In this archive are two files - `tweet.py` and `tweet.patch` - that require a
little explanation. I did not need the full functionality of [twython-tools](https://github.com/adversary-org/twython-tools),
and in fact, had a bit of a problem getting it working properly. Further, the
functionality I *did* want - posting an image to Twitter - was always
*interactive* when I wanted to enter the file on the command line.
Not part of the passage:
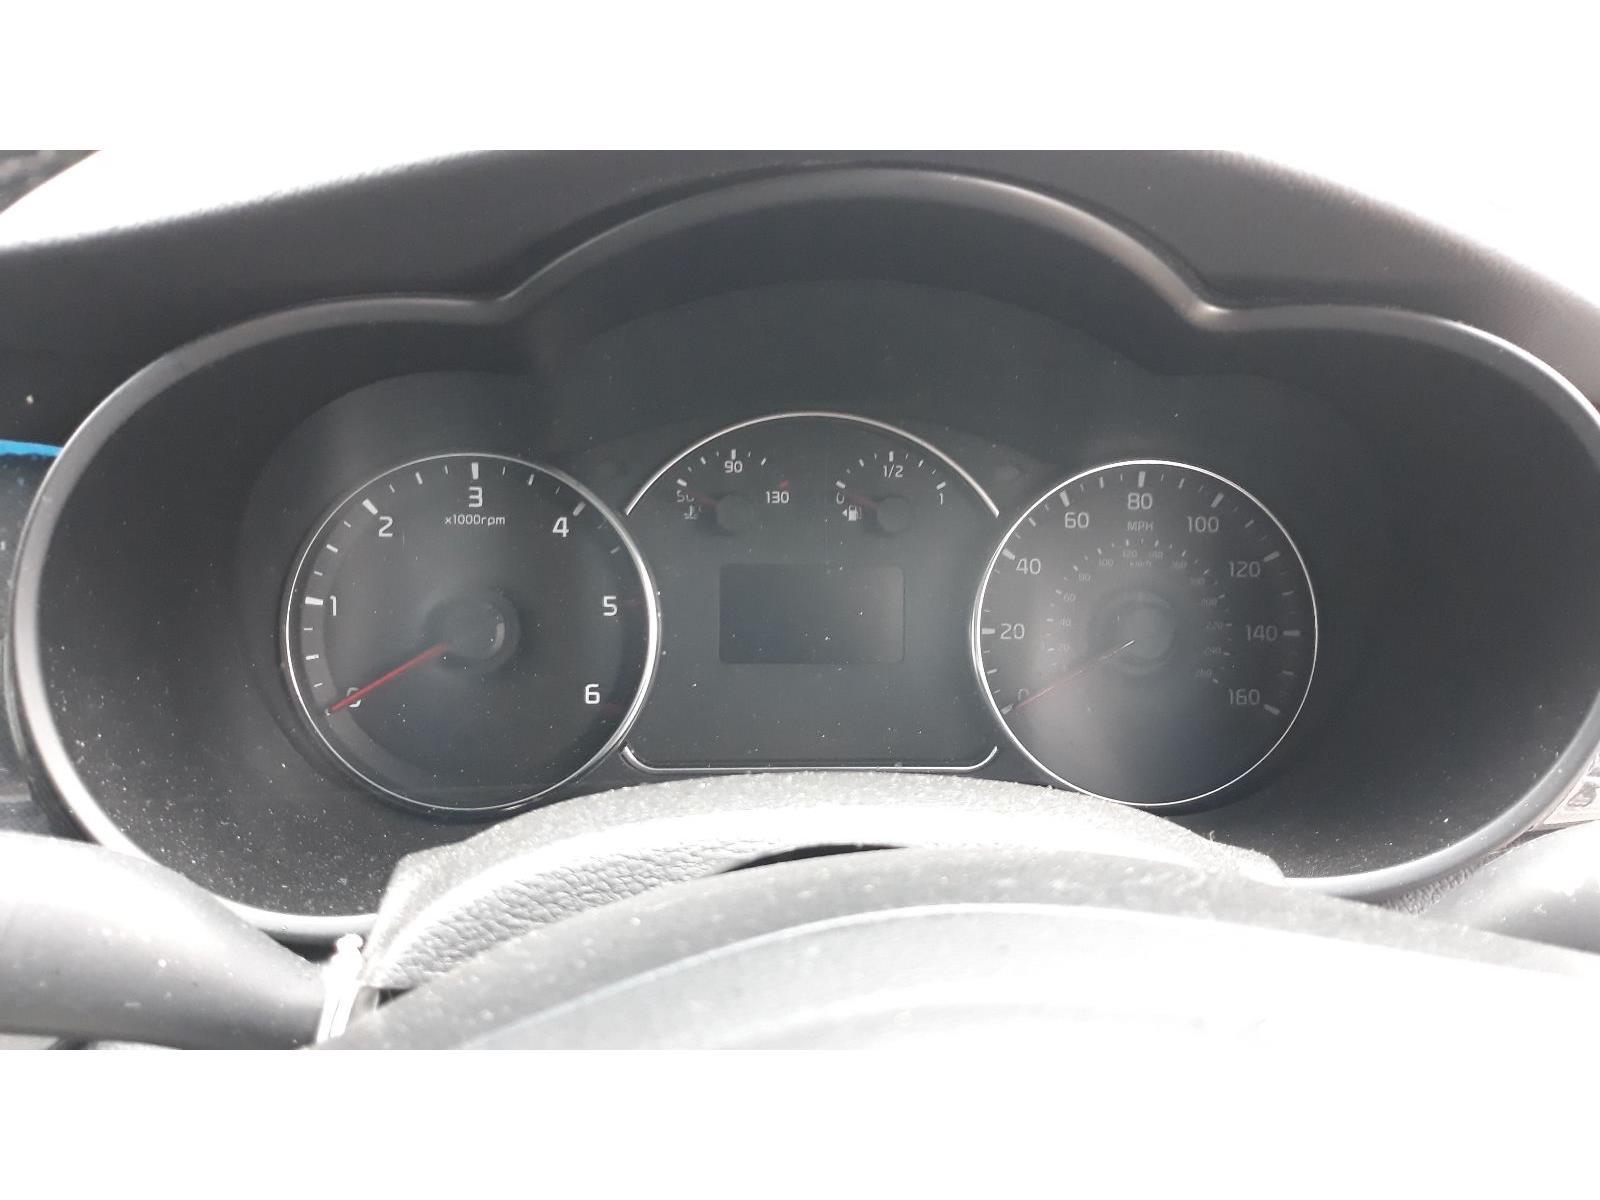 Kia Carens 2013 To 2016 3 Sat Nav Crdi Ecodynamics Mpv Scrap Fuse Box Location Salvage Car For Sale Auction Silverlake Autoparts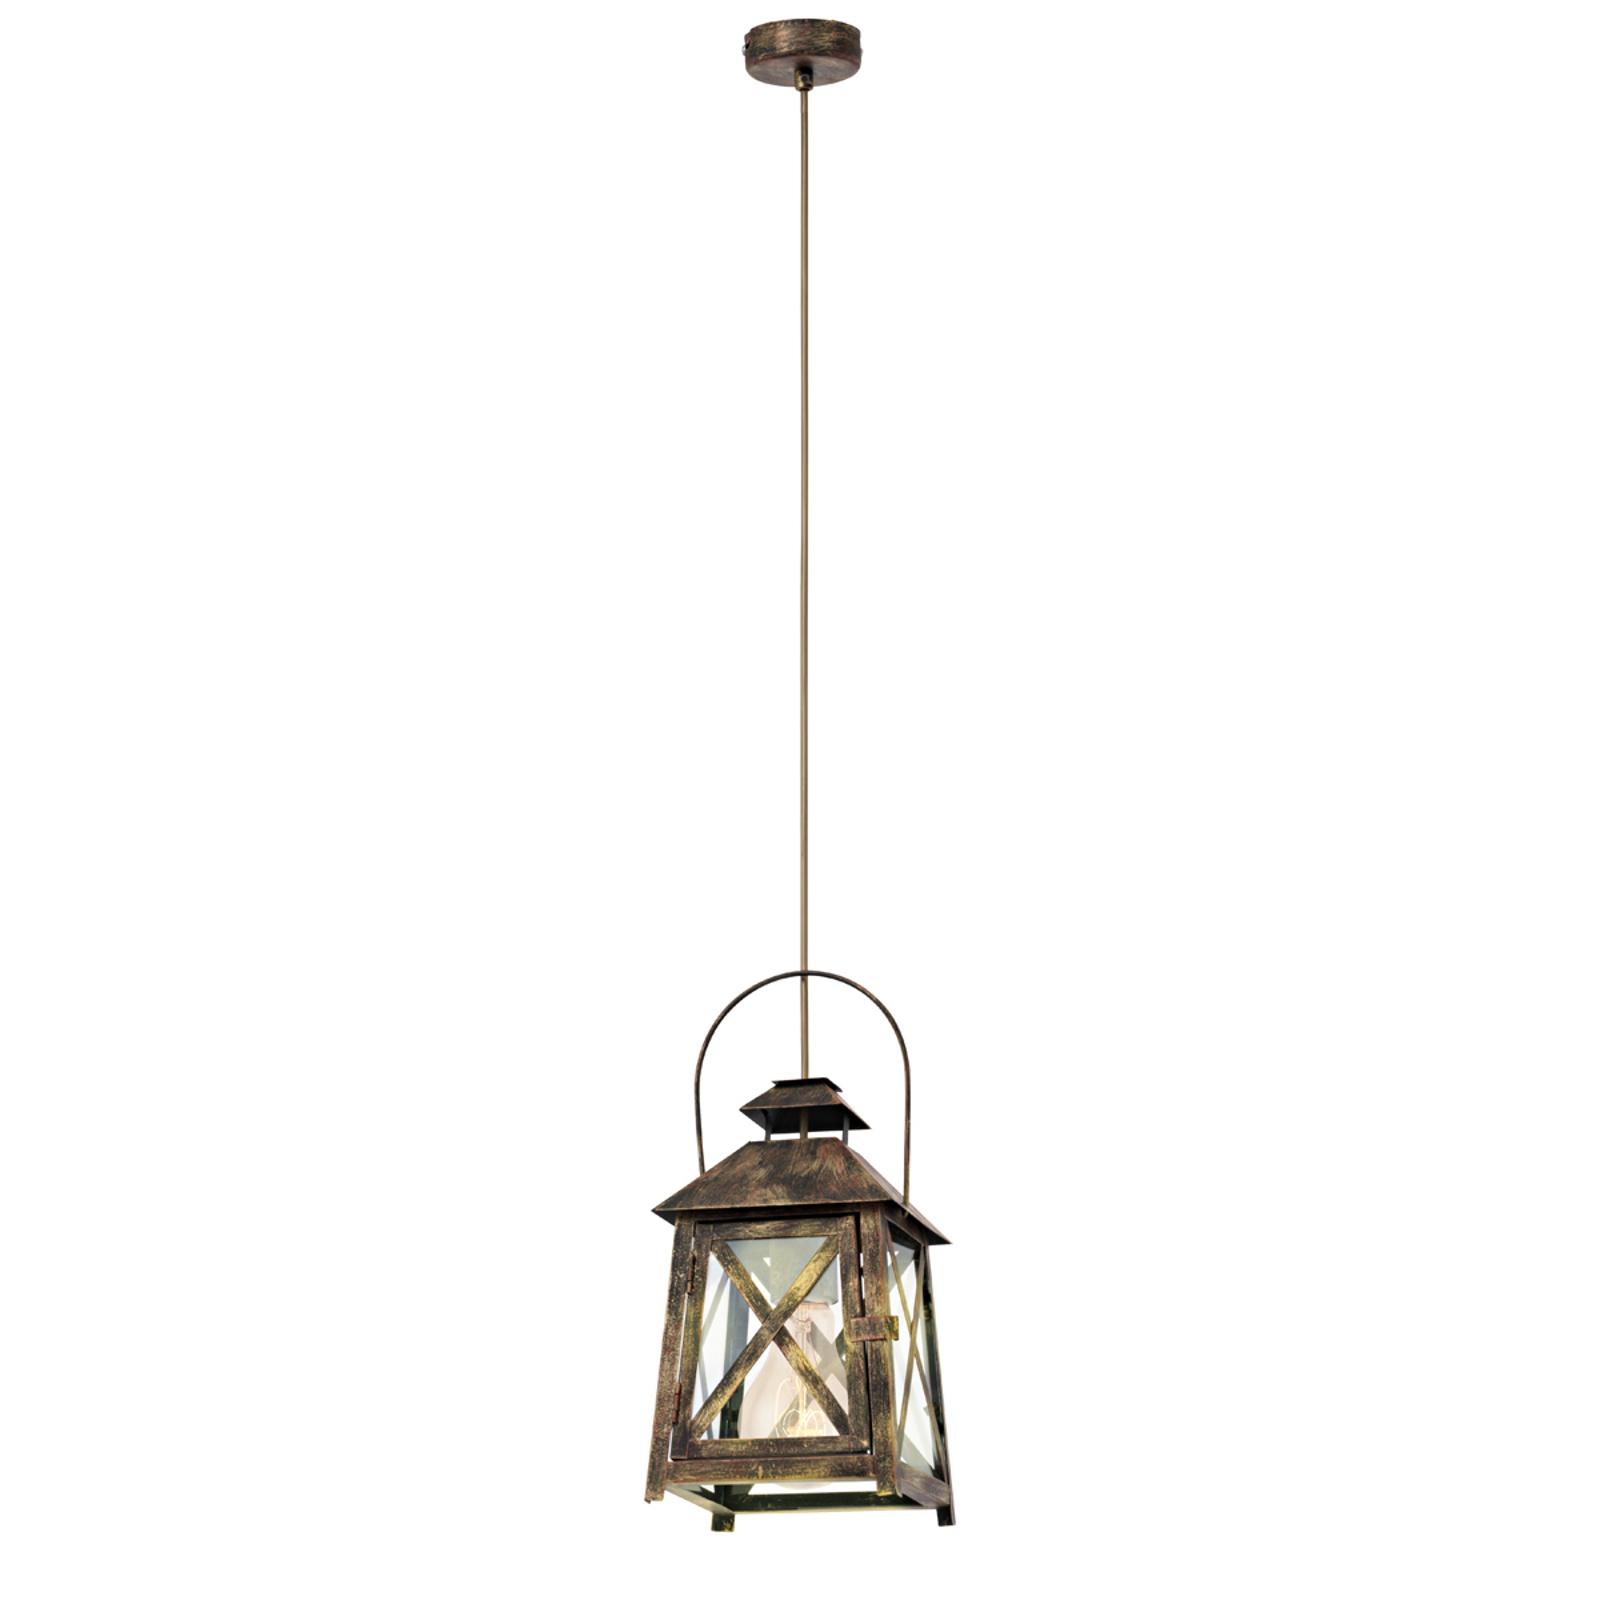 Valena Lantern-shaped Pendant Lamp_3031598_1

So I (thank you Apache2 license) ripped out the authentication portions and
hardcoded them, ripped out all the interactive bits, and remade the Twython-tools
program `tweet-full.py` into `tweet.py`.

If you wish to see the difference, `tweet.patch` is included for you to verify
my changes to the code.

You must register a [Twitter application](https://apps.twitter.com) and get
**user** API codes and type them manually into `tweet.py`.

`APP_KEY = ""`
`APP_SECRET = ""`
`OAUTH_TOKEN = ""`
`OAUTH_TOKEN_SECRET = ""`

Place the location of the binary into `agaetr.ini`.

## 6. Feeds Setup

Information about your feeds goes into `agaetr.ini`. Each feed is marked by a
header line `[Feed#]` with a different number for each feed.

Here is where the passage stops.